A Rome, Fritz Lang tourne une adaptation de "L'Odyssée" pour un producteur américain, Jeremy Prokosh. On demande à Paul Javal, scénariste célèbre, de revenir travailler certaines scènes moyennant une rallonge financière. Ce dernier hésite.

Pendant ce temps, Camille qui est venue rejoindre son mari Paul, fait des avances au producteur. Elle déclare bientôt à Paul qu'elle ne l'aime plus. Elle lui reproche sa veulerie, et d'être prêt à prostituer son talent.

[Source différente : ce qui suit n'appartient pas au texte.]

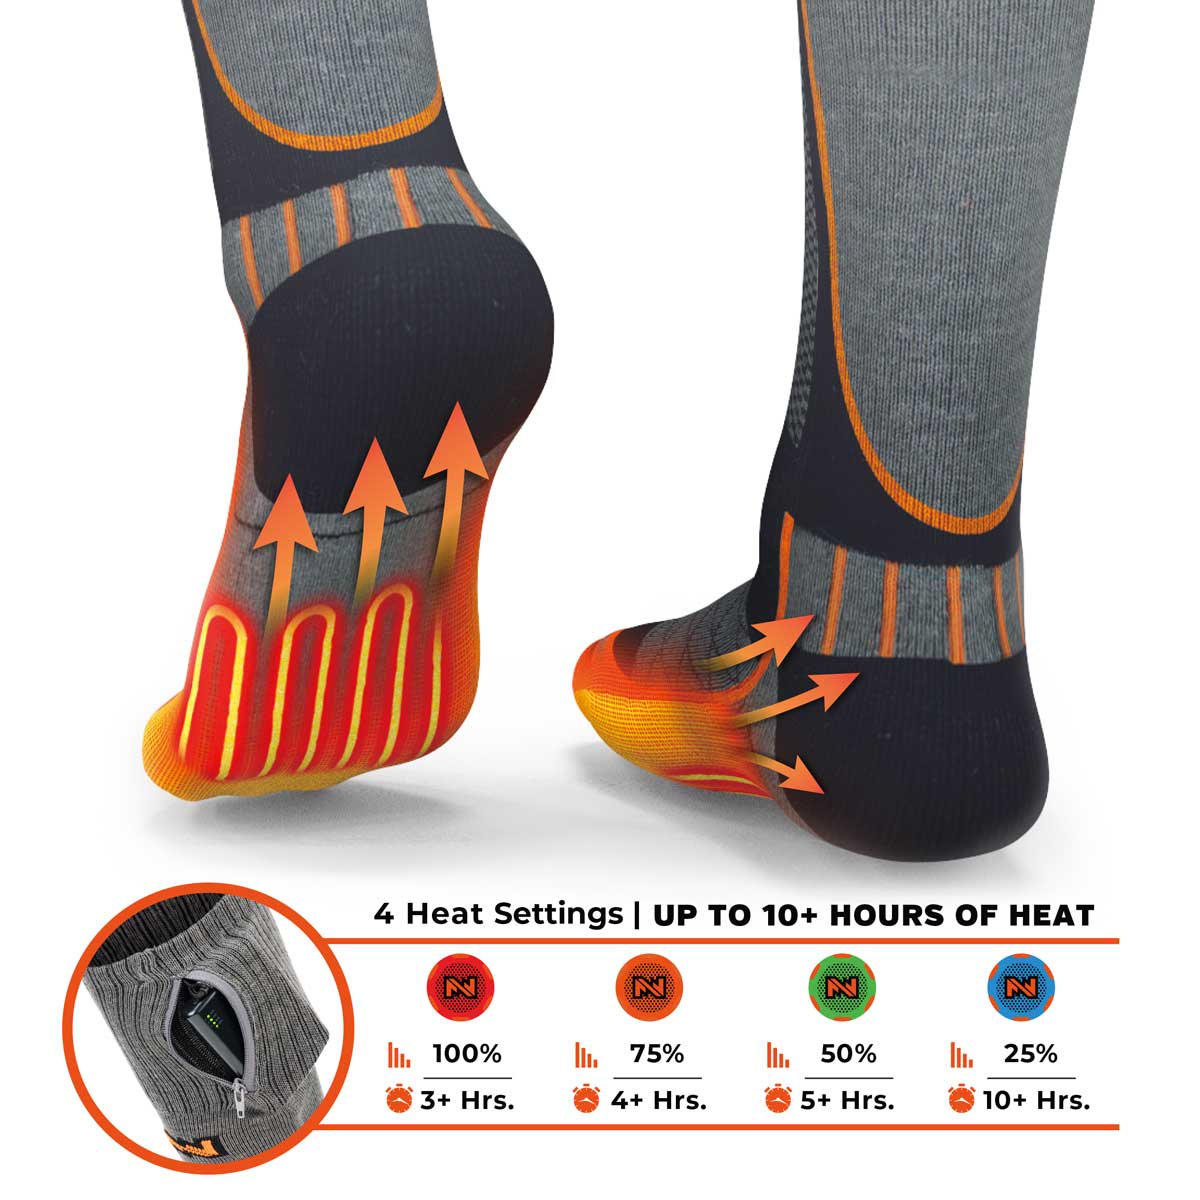 Mobile Warming Merino Heated Socks - Ramakko's Source For Adventure

Finalement elle part avec Prokosh...

"Le Mépris est un film simple et sans mystère, film aristotélicien, débarrassé des apparences, Le Mépris prouve en 149 plans (176 après montage) que, dans le cinéma comme dans la vie, il n'y a rien de secret, rien à élucider, il n'y a qu'à vivre et à filmer" (Jean-Luc Godard)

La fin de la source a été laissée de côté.